● EXERCISE OBJECTIVE:
Every line below is to be copied exactly, with the pictures left out.

*** Opening GIVEN DATA ***

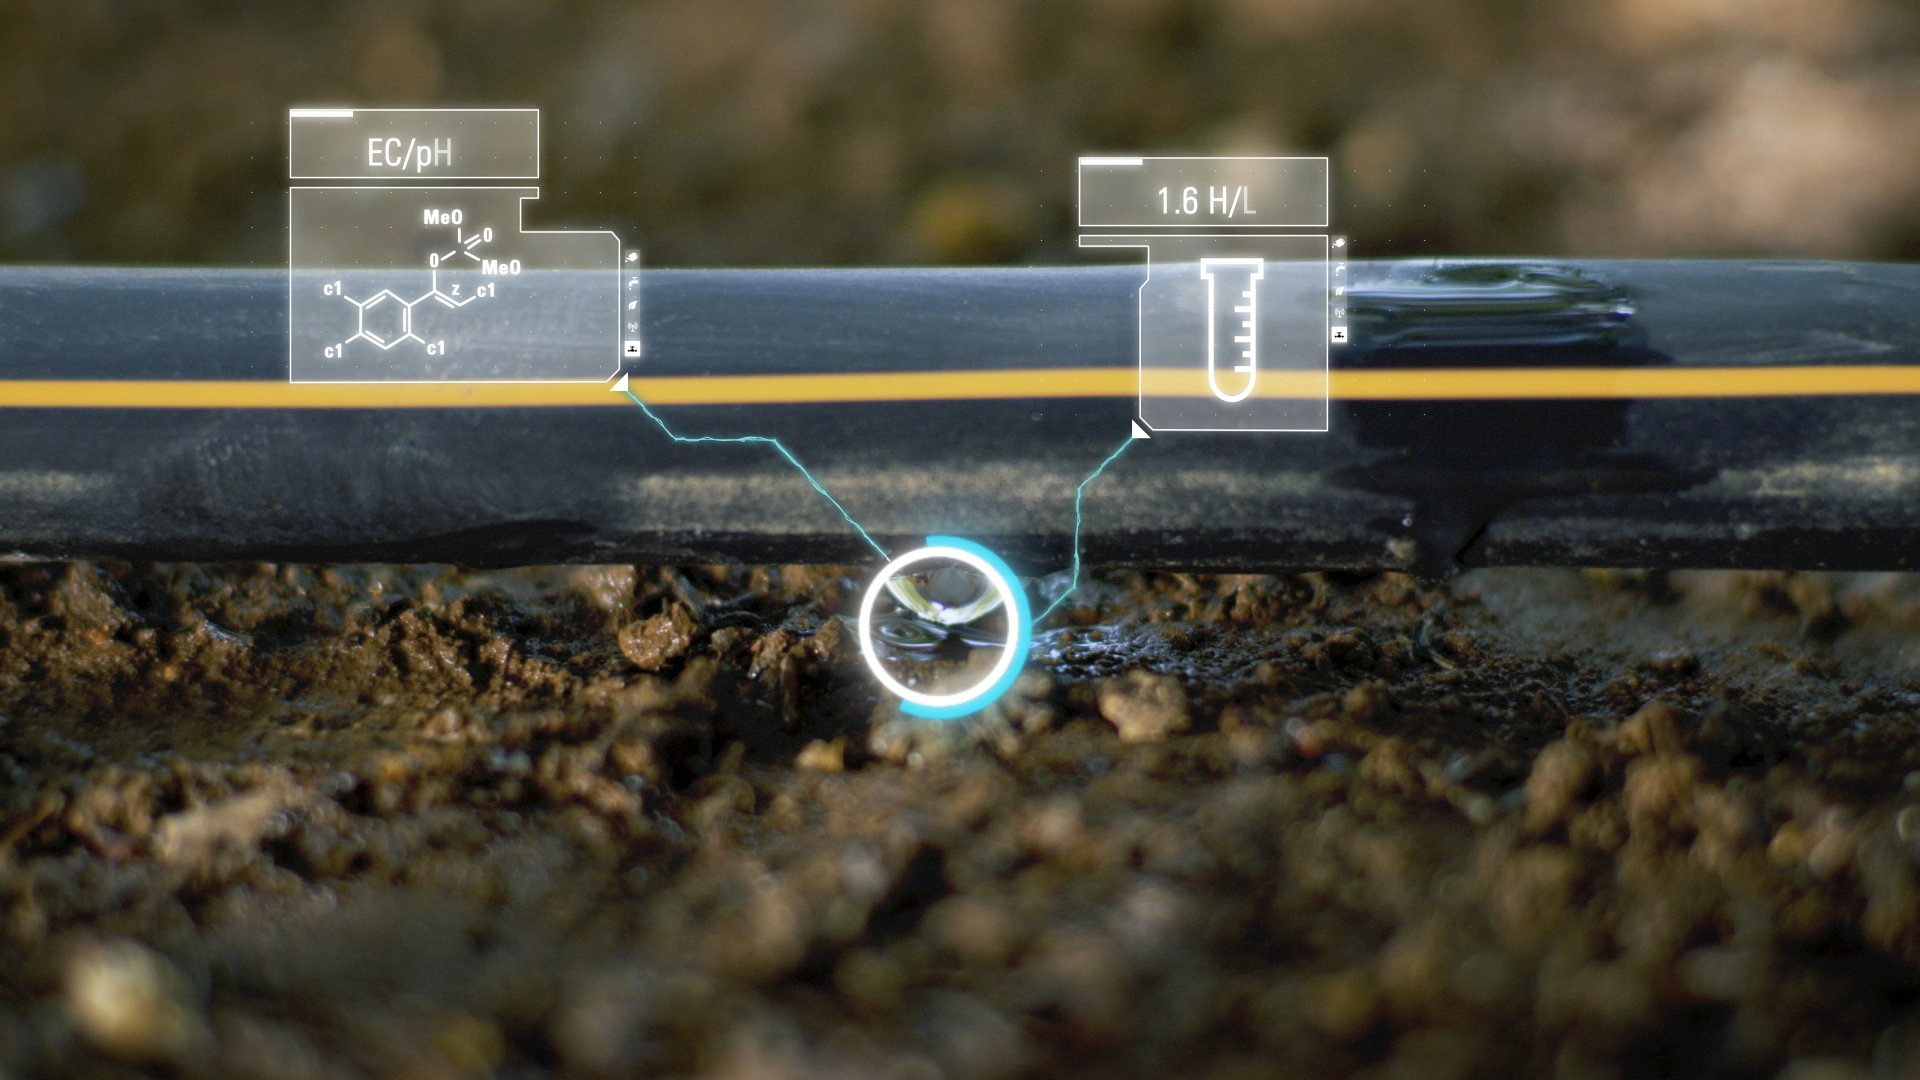 Irrigation system sensors
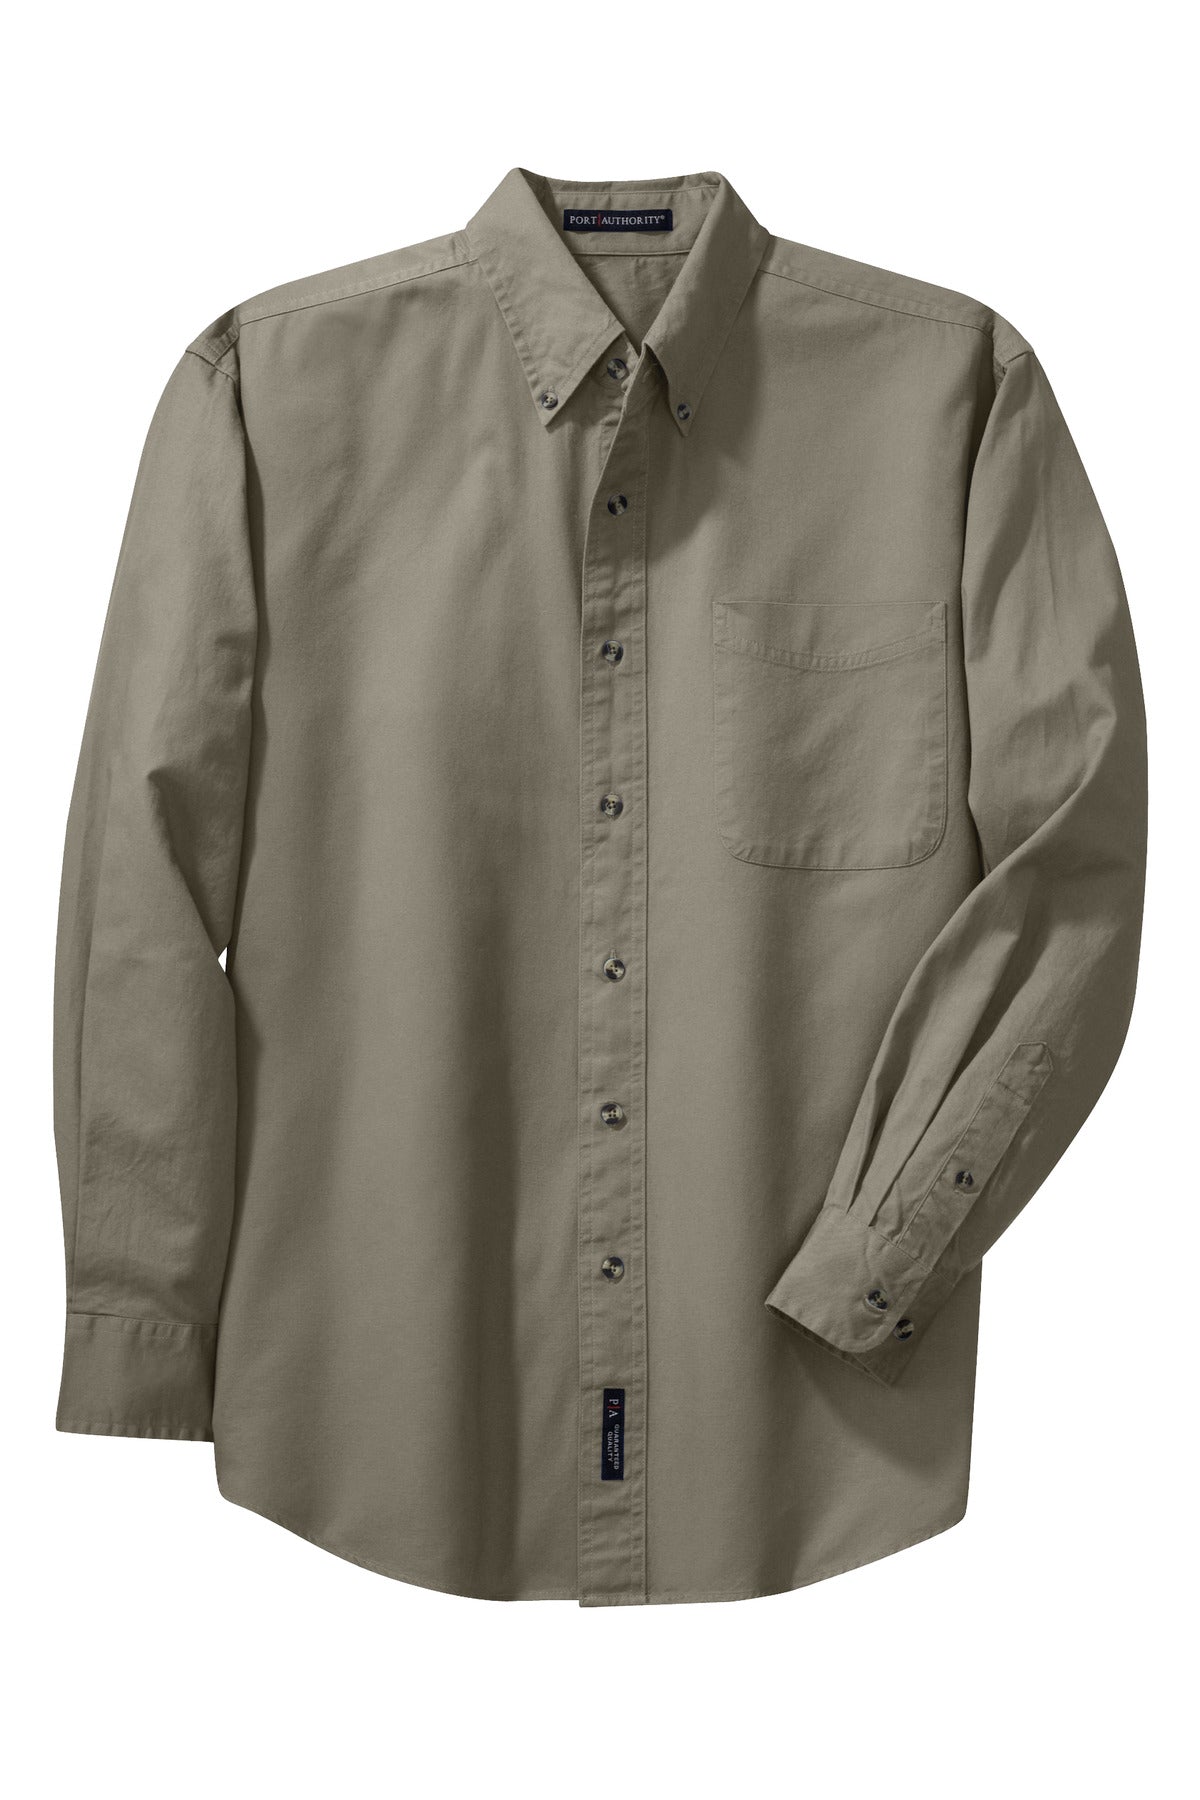 Port Authority Tall Long Sleeve Twill Shirt. TLS600T
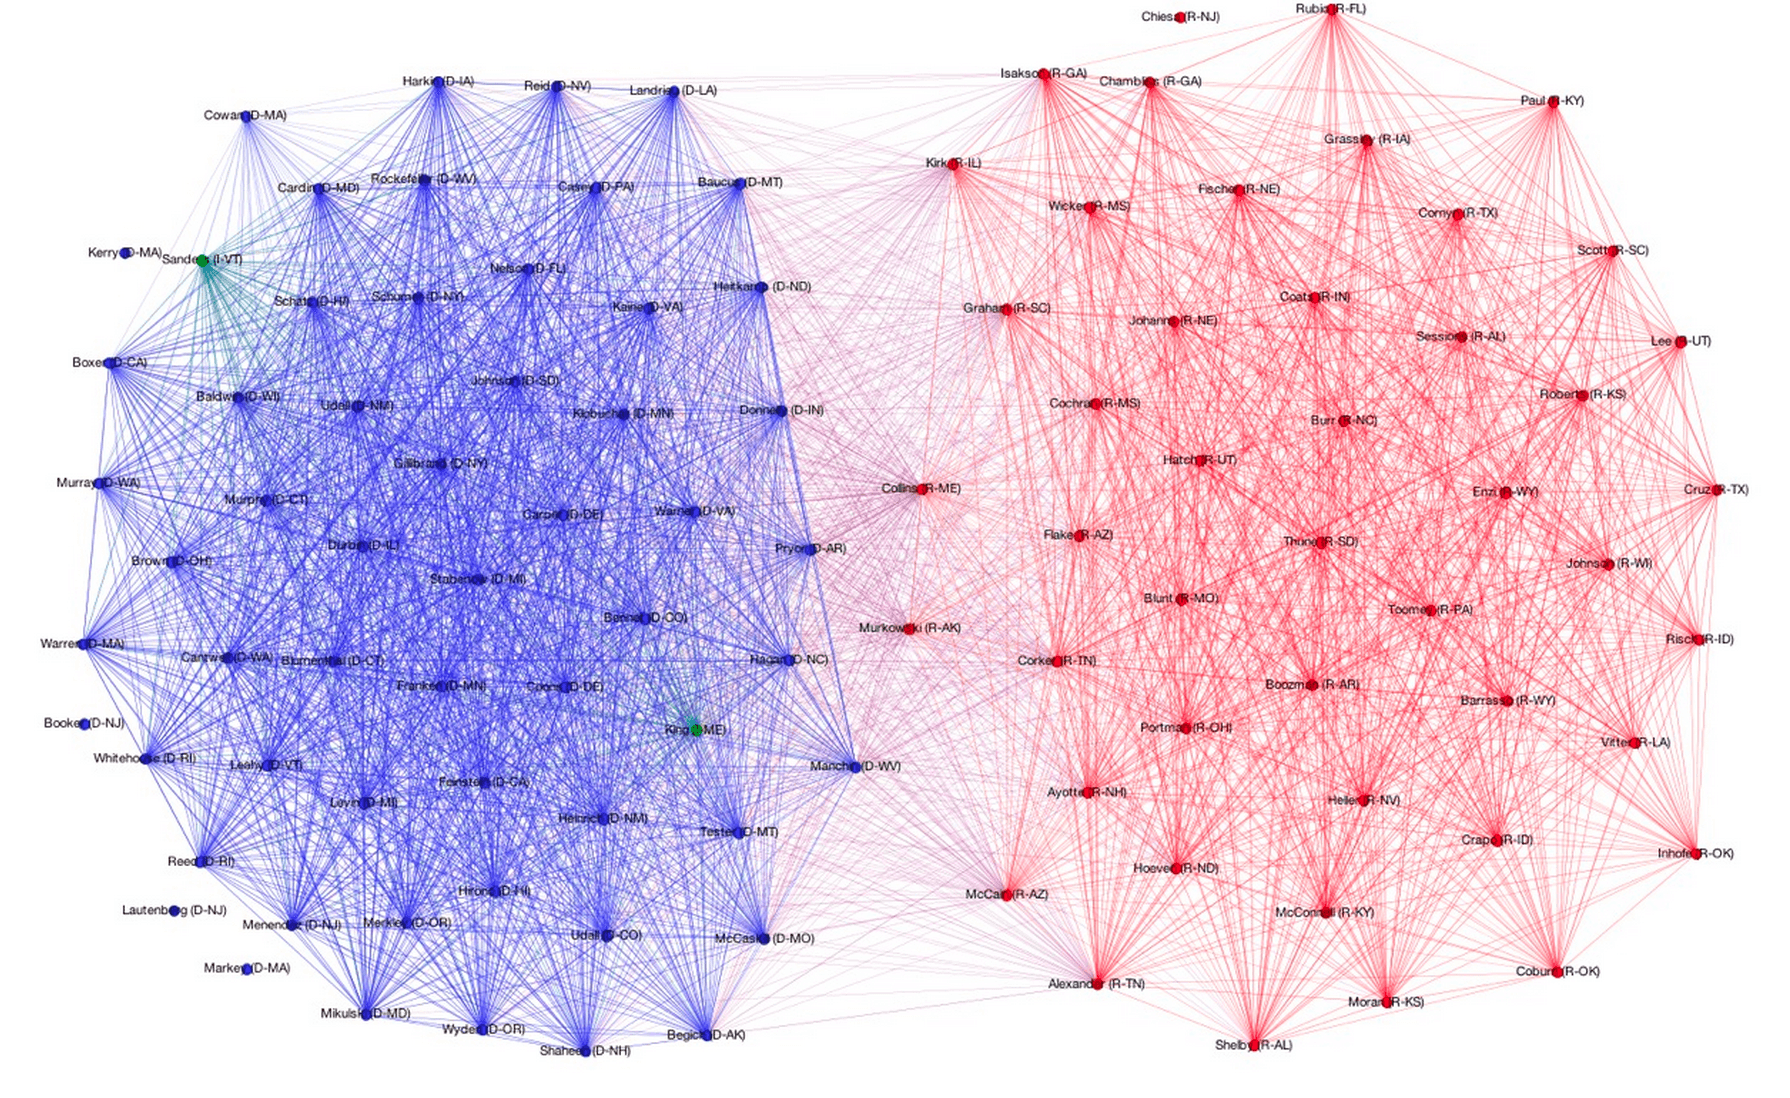 Force-directed graph illustrating voting relationships between US Senators

*** Closing GIVEN DATA ***

● WRITTEN SOLUTION:
 Irrigation system sensors
 Port Authority Tall Long Sleeve Twill Shirt. TLS600T
 Force-directed graph illustrating voting relationships between US Senators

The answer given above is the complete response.